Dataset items
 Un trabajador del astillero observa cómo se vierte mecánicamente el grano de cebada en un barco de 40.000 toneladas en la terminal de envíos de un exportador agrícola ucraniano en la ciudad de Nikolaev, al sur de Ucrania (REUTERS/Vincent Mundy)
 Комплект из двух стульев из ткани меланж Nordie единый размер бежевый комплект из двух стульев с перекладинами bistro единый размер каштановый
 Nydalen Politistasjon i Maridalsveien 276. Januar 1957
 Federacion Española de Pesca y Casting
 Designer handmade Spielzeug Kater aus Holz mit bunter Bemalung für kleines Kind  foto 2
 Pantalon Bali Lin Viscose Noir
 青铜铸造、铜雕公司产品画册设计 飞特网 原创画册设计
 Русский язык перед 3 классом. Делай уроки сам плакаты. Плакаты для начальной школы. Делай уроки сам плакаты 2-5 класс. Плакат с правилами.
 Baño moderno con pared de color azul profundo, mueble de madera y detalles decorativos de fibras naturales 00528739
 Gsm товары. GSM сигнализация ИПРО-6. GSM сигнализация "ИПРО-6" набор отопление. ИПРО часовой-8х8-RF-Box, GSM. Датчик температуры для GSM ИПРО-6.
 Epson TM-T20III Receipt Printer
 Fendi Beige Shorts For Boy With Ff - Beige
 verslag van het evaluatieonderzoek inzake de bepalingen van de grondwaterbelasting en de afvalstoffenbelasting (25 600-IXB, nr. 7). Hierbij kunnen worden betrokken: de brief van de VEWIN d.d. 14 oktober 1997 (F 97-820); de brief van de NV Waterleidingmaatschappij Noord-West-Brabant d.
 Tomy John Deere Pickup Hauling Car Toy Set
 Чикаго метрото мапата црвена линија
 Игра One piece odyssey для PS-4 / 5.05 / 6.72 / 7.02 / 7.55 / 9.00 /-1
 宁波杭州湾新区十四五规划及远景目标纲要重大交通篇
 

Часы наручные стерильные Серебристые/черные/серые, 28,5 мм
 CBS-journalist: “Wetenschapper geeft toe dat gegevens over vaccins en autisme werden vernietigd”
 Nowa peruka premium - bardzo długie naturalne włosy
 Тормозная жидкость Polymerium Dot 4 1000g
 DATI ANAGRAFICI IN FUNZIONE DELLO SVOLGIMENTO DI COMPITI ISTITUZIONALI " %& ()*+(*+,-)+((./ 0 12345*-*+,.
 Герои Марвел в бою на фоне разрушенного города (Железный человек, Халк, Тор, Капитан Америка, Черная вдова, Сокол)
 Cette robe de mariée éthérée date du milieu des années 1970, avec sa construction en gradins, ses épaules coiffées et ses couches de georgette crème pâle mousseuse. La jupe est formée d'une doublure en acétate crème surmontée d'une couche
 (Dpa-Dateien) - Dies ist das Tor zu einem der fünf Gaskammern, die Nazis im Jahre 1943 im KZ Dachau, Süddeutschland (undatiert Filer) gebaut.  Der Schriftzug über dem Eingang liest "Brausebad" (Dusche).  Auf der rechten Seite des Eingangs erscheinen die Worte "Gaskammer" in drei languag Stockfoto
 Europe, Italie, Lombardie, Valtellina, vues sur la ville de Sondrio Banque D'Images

ASSIGNED TASK: Please copy, exactly and with nothing else, the lines above beginning at the line that has "Gsm товары. GSM" and ending with the line that has "Tomy John Deere Pickup Hauling Car Toy Set".

TASK SOLUTION:
 Gsm товары. GSM сигнализация ИПРО-6. GSM сигнализация "ИПРО-6" набор отопление. ИПРО часовой-8х8-RF-Box, GSM. Датчик температуры для GSM ИПРО-6.
 Epson TM-T20III Receipt Printer
 Fendi Beige Shorts For Boy With Ff - Beige
 verslag van het evaluatieonderzoek inzake de bepalingen van de grondwaterbelasting en de afvalstoffenbelasting (25 600-IXB, nr. 7). Hierbij kunnen worden betrokken: de brief van de VEWIN d.d. 14 oktober 1997 (F 97-820); de brief van de NV Waterleidingmaatschappij Noord-West-Brabant d.
 Tomy John Deere Pickup Hauling Car Toy Set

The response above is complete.